Le Vernet:
Dozens of French police and soldiers backed by helicopter searched the terrain around a tiny hamlet in the French Alps on Tuesday, saying they still hoped to find a toddler who has been missing for three days.
Emile, who is two and a half, was staying with his grandparents when he went missing on Saturday. He was last seen by two neighbours walking alone on a street of Haut-Vernet, a tiny village of 25 inhabitants at an altitude of around 1,200 metres (4,000 feet).
“We’re not stopping the search, we are not losing hope,” the local prefect, Marc Chappuis, told reporters late Monday.
But after 48 hours of combing through the area without success, the search was now becoming “more targeted” and “more selective”, he said.
Authorities said that large-scale searches involving volunteers which took place on Monday had been discontinued.
Instead 80 military police officers were deployed for a targeted search on Tuesday, backed up by a dozen soldiers specialised in the clearing of terrain, search-and-rescue dogs and a helicopter.
“The work now will be very detail-oriented,” local prosecutor Remy Avon said.
This included the analysis of local phone records to determine “what phone calls were made, by whom and to whom”, around the time of the disappearance, he said.
Several witnesses had been questioned and houses in the hamlet searched, he said.
Specialist forensic units have also been called in, and more locals are set to be interviewed.
The terrain in the search zone is hilly and craggy with many streams, and the region has been hit by a heat wave, with temperatures forecast to reach 34 Celsius (93 Fahrenheit) on Tuesday.
“All possible explanations are on the table, we’re not favouring any, and we’re not ruling any out,” the prosecutor said.
– ‘Looked out for the smallest clue’ –
The search has focused on an area of five kilometres (three miles) around the hamlet.
“The child should have been found after 48 hours in that perimeter,” said Chappuis.
Police, still hoping for a breakthrough thanks to witness statements, have circulated a picture of the blond and hazel-eyed boy who was wearing a yellow top, white shorts and hiking shoes the day he disappeared.
The site is off-limits to outsiders as of Tuesday, prosecutor Avon said.
Hundreds of volunteers have taken part in efforts to find the boy.

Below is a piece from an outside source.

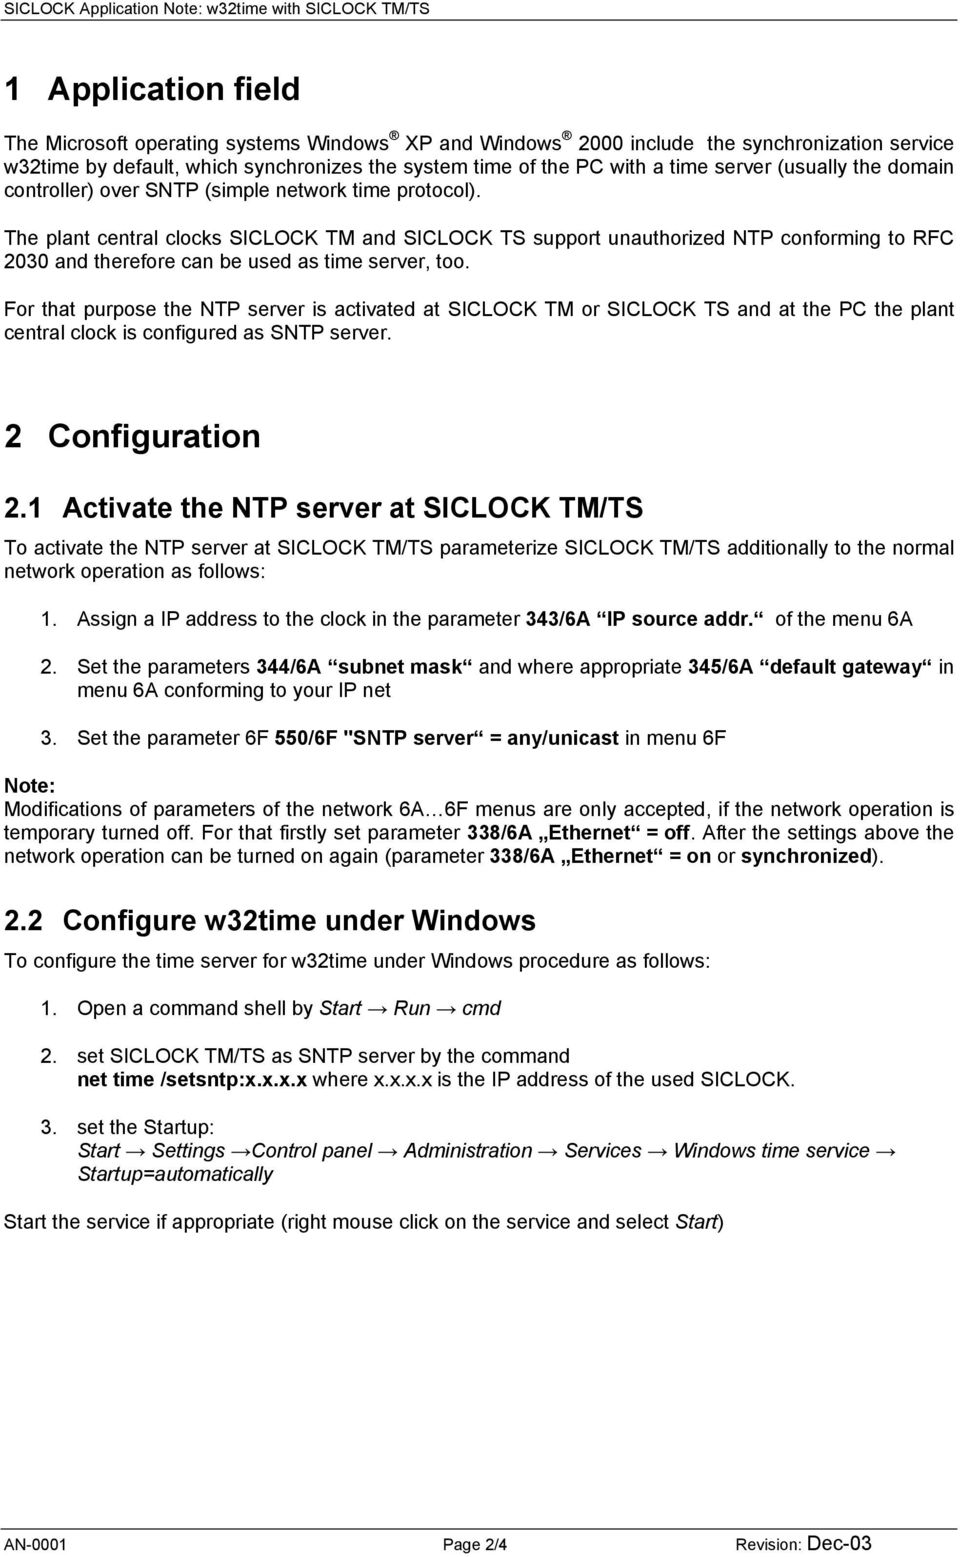 The plant central clocks SICLOCK TM and SICLOCK TS support unauthorized NTP conforming to RFC 2030 and therefore can be used as time server, too.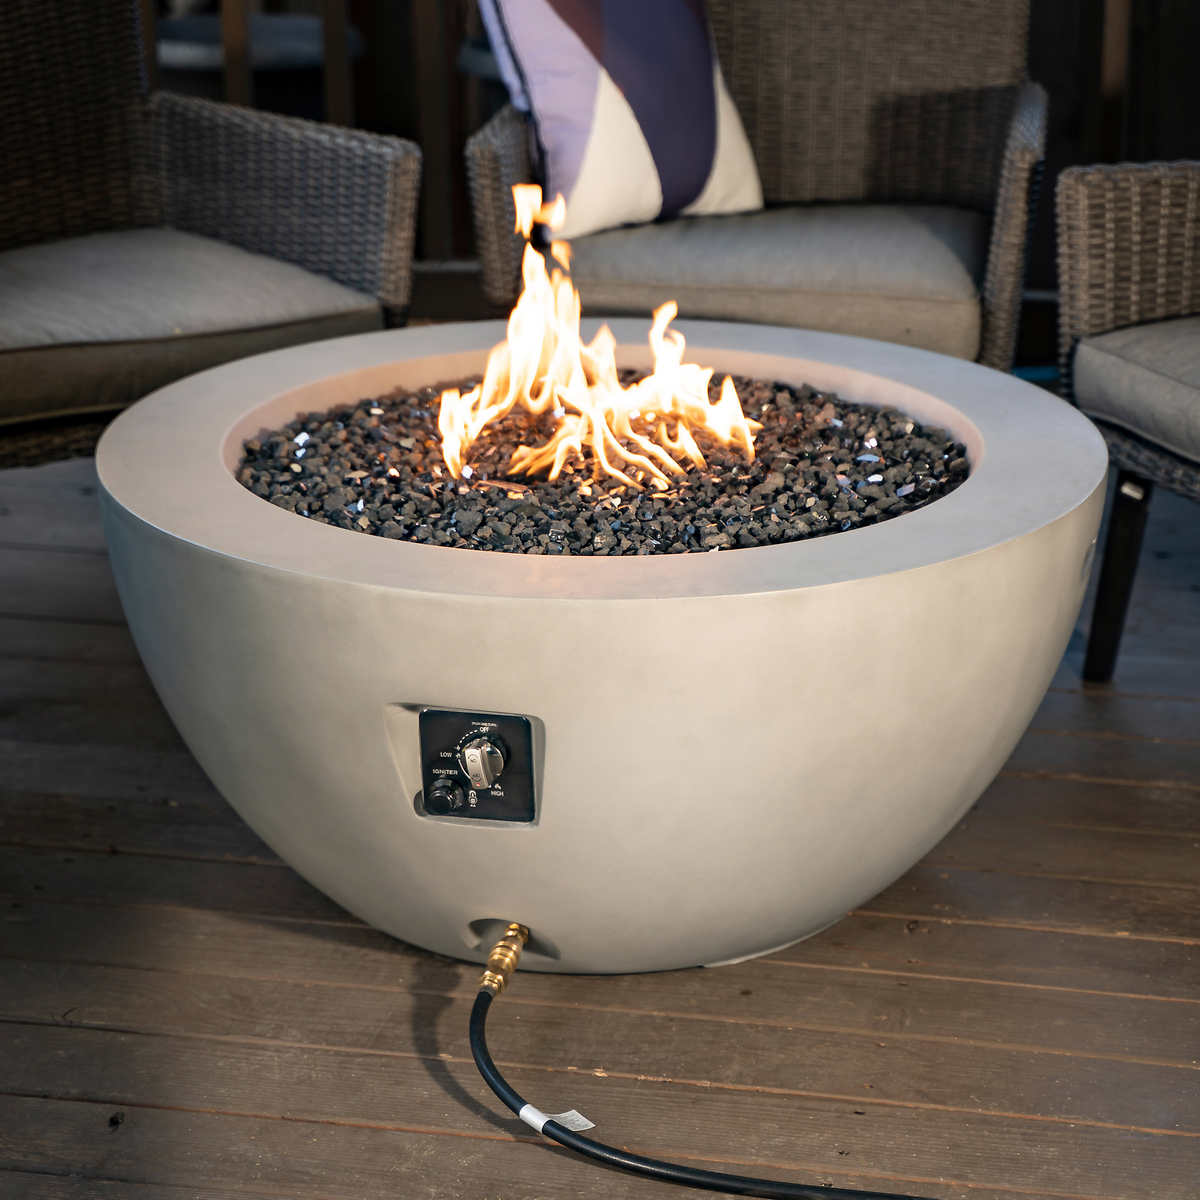 Faux Concrete Gas Fire Pit Costco, How To Install Fire Glass In Fire Pit

“We took part in a big search this morning with 50 other people,” said Roxane, 19, who came with two friends to help on Monday.
“There was a gap of two metres (7 feet) between each of us, we looked in the fields, and in the woods. We looked out for the smallest clue, maybe an item of clothing or a shoe he could have lost,” she said.
Prosecutors have given no information about the number of adults present in the grandparents’ house when Emile disappeared.